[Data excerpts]
*** Block opens ***

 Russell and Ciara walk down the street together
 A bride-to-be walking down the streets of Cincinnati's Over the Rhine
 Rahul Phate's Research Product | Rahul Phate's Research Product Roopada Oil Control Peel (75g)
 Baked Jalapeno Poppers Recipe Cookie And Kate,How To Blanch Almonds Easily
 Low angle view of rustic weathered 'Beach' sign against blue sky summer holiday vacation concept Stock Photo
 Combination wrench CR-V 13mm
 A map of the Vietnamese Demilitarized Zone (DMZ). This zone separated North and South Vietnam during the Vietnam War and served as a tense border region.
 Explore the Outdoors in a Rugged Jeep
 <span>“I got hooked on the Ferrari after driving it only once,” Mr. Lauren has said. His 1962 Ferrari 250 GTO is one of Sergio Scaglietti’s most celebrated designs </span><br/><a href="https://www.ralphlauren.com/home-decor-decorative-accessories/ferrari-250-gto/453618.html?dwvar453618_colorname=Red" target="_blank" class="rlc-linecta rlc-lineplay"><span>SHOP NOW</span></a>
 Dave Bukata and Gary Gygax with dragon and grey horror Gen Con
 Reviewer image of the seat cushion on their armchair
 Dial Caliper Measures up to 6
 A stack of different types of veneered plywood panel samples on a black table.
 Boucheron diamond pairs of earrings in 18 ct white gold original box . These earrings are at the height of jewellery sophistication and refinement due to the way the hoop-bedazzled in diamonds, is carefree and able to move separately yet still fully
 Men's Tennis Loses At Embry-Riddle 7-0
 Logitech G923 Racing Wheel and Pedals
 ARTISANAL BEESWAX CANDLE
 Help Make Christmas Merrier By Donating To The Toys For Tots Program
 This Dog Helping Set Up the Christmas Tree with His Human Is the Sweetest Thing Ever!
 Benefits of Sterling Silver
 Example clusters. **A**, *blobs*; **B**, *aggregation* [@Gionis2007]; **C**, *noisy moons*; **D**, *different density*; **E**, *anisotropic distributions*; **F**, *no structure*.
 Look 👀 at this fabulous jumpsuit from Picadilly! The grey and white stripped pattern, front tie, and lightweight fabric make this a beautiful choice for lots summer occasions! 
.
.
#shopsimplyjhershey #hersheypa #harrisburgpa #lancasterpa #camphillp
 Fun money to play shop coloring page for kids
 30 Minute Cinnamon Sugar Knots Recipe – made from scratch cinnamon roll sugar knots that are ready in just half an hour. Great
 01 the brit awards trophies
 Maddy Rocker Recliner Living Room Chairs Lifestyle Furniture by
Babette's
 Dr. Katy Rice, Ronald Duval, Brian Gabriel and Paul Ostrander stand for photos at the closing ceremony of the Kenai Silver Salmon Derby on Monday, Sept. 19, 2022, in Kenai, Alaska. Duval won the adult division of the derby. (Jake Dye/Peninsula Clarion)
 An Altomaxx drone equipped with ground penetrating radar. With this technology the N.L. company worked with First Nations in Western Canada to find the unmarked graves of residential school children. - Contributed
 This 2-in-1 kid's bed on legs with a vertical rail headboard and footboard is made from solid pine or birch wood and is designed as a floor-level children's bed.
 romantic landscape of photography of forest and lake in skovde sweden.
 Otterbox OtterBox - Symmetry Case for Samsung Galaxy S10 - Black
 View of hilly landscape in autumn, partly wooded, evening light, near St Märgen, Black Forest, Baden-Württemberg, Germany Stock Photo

*** Block closes ***

Exercise objective →
For the string "from", go through the entries above and copy each line where it occurs.

Solved problem →
 Look 👀 at this fabulous jumpsuit from Picadilly! The grey and white stripped pattern, front tie, and lightweight fabric make this a beautiful choice for lots summer occasions! 
 30 Minute Cinnamon Sugar Knots Recipe – made from scratch cinnamon roll sugar knots that are ready in just half an hour. Great
 This 2-in-1 kid's bed on legs with a vertical rail headboard and footboard is made from solid pine or birch wood and is designed as a floor-level children's bed.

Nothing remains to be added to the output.